Nel liceo classico in cui da anni insegno latino e greco, più di una volta mi è capitato di correggere i compiti in comune con i colleghi, cioè, dopo aver assegnato compiti identici nelle rispettive classi, di correggere gli elaborati insieme, talvolta a coppie, talvolta in un gruppo più ampio: ma (a parte sporadici casi in cui si chiede un estemporaneo parere tecnico) questo è avvenuto sempre dopo un lavoro comune di preparazione del compito, il che è stato possibile per una certa stabilità del gruppo, che ha portato nel tempo cordialità e stima per il collega e per il suo lavoro.
Una valutazione comune infatti può appunto scaturire solo dopo un lavoro comune tra docenti: tra l’altro l’abitudine a tale lavoro ridimensiona in parte anche l’idea di autonomia dell’insegnamento, che è legittima e doverosa (nessuno mi può imporre strategie educative o percorsi obbligati di apprendimento), ma che può spesso sconfinare nell’individualismo e nell’incapacità di confronto.
La proposta che quest’anno è partita da alcuni colleghi della scuola e che ha trovato consenso in tutti i docenti che vi si dovranno coinvolgere, sebbene formalmente possa sembrare coincidente, è radicalmente diversa da quella di scambi incrociati a proposito dei quali ho recentemente letto alcuni interventi; è diversa a partire dallo scopo, che non è innanzi tutto quello di raggiungere l’omogeneità o tranquillizzare i genitori, ma di aiutare gli studenti dell’ultimo anno ponendoli in una situazione in parte simile a quanto avverrà in sede di esame di Stato.
Nelle ultime classi infatti (quelle cioè i cui alunni dovranno sostenere l’esame a fine anno) quest’anno (per motivi di orario) l’insegnamento di latino e di greco è affidato non a un unico insegnante, come per lo più capita, ma a due persone distinte. Poiché all’esame di Stato quest’anno ci sarà come II prova scritta latino e il commissario che la correggerà sarà il membro esterno di latino e greco, i colleghi di latino hanno deciso di svolgere contemporaneamente in tutte le classi, in maggio, una simulazione di II prova, scegliendo un unico testo; la correggeranno però i colleghi di greco. Osservo però che tale scambio avviene con uno scopo preciso e che, ancora una volta, è possibile solo per una certa intesa, consolidata dagli anni, presente tra i colleghi.
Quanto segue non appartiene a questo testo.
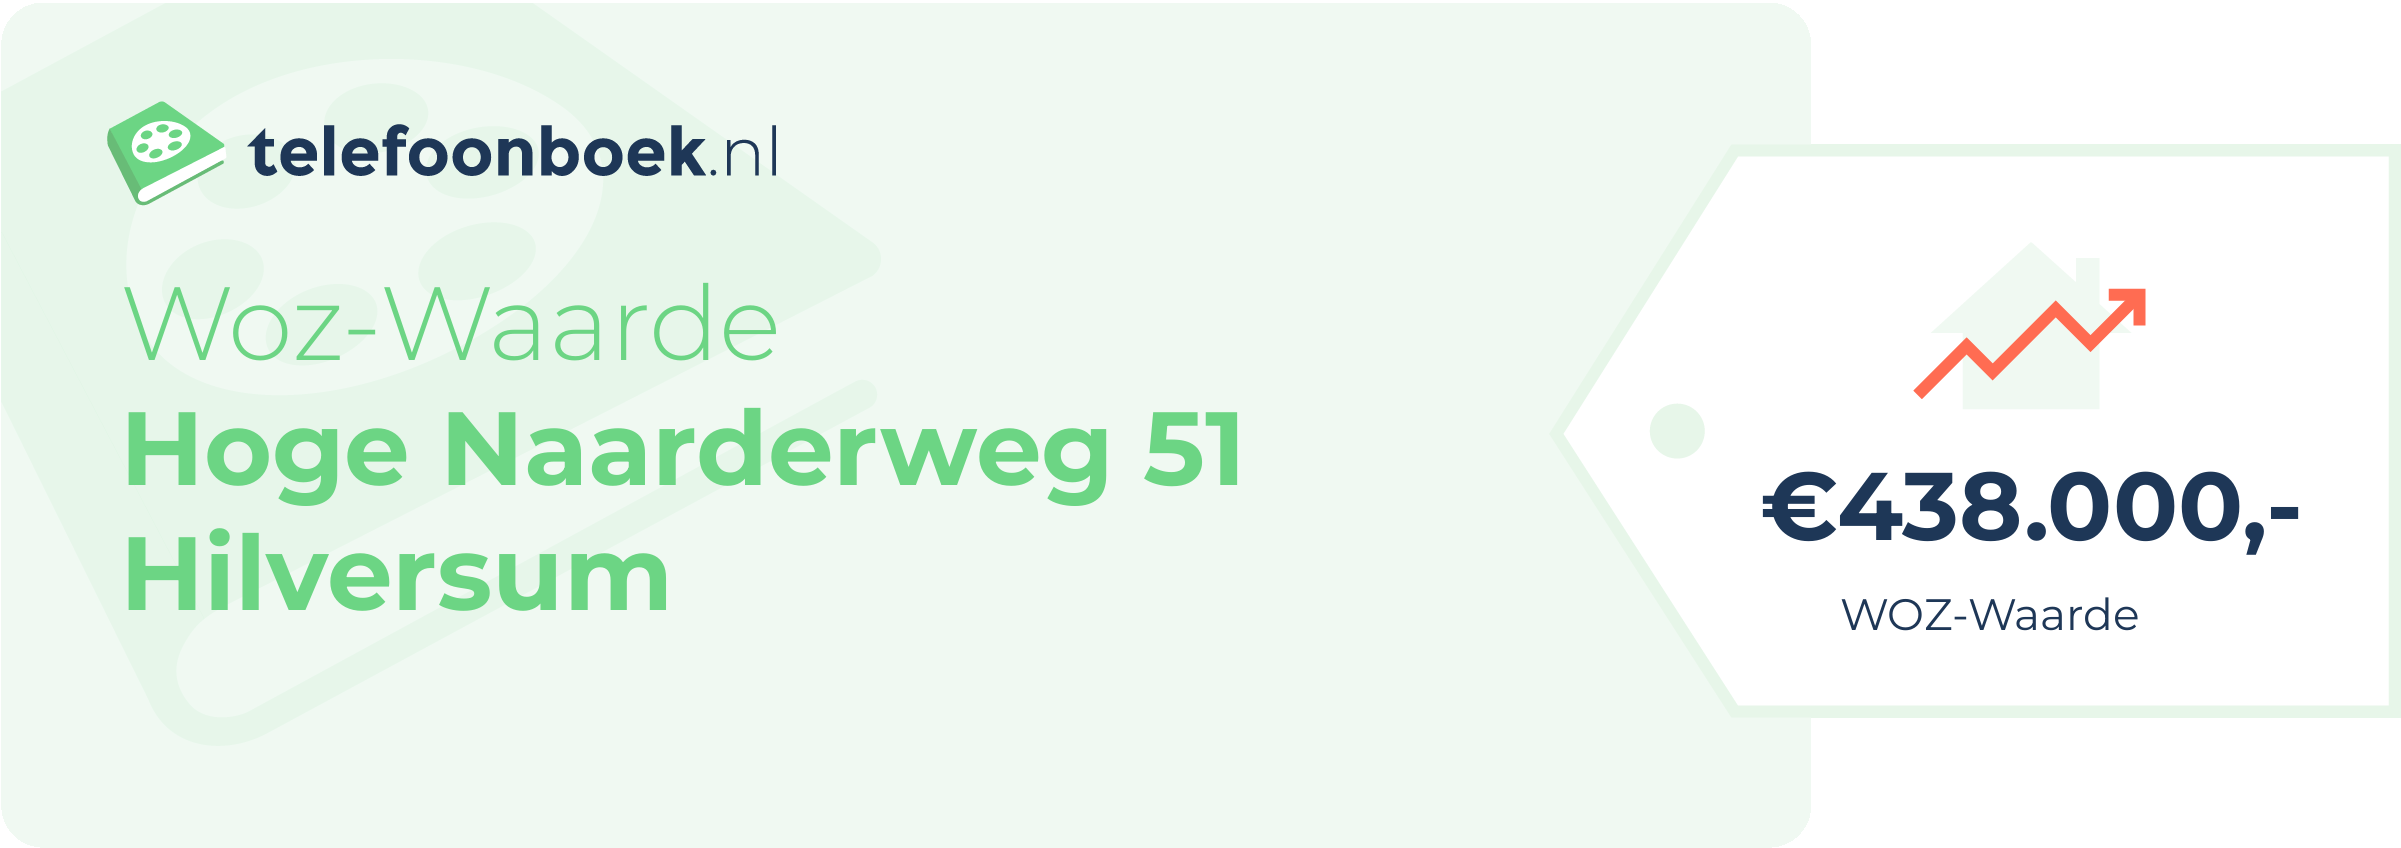 WOZ-waarde Hoge Naarderweg 51 Hilversum

Da tutto questo si vede come ritengo assolutamente improponibile la prassi tout court di scambi sistematici di verifiche tra colleghi. Tanto varrebbe affidare tutto (insegnamento compreso) a un computer (considerato, con un atteggiamento un po’ mitico, “oggettivo”, sempre nel riduttivo senso di “neutrale”): per parafrasare Eliot, vagheggiando un sistema scolastico talmente perfetto che l’insegnante risulterebbe inutile.
Spesso sembra che i vincoli imposti (o autoimposti) abbiano la pretesa proprio di arrivare a questa “perfezione” che ha perso di vista lo scopo.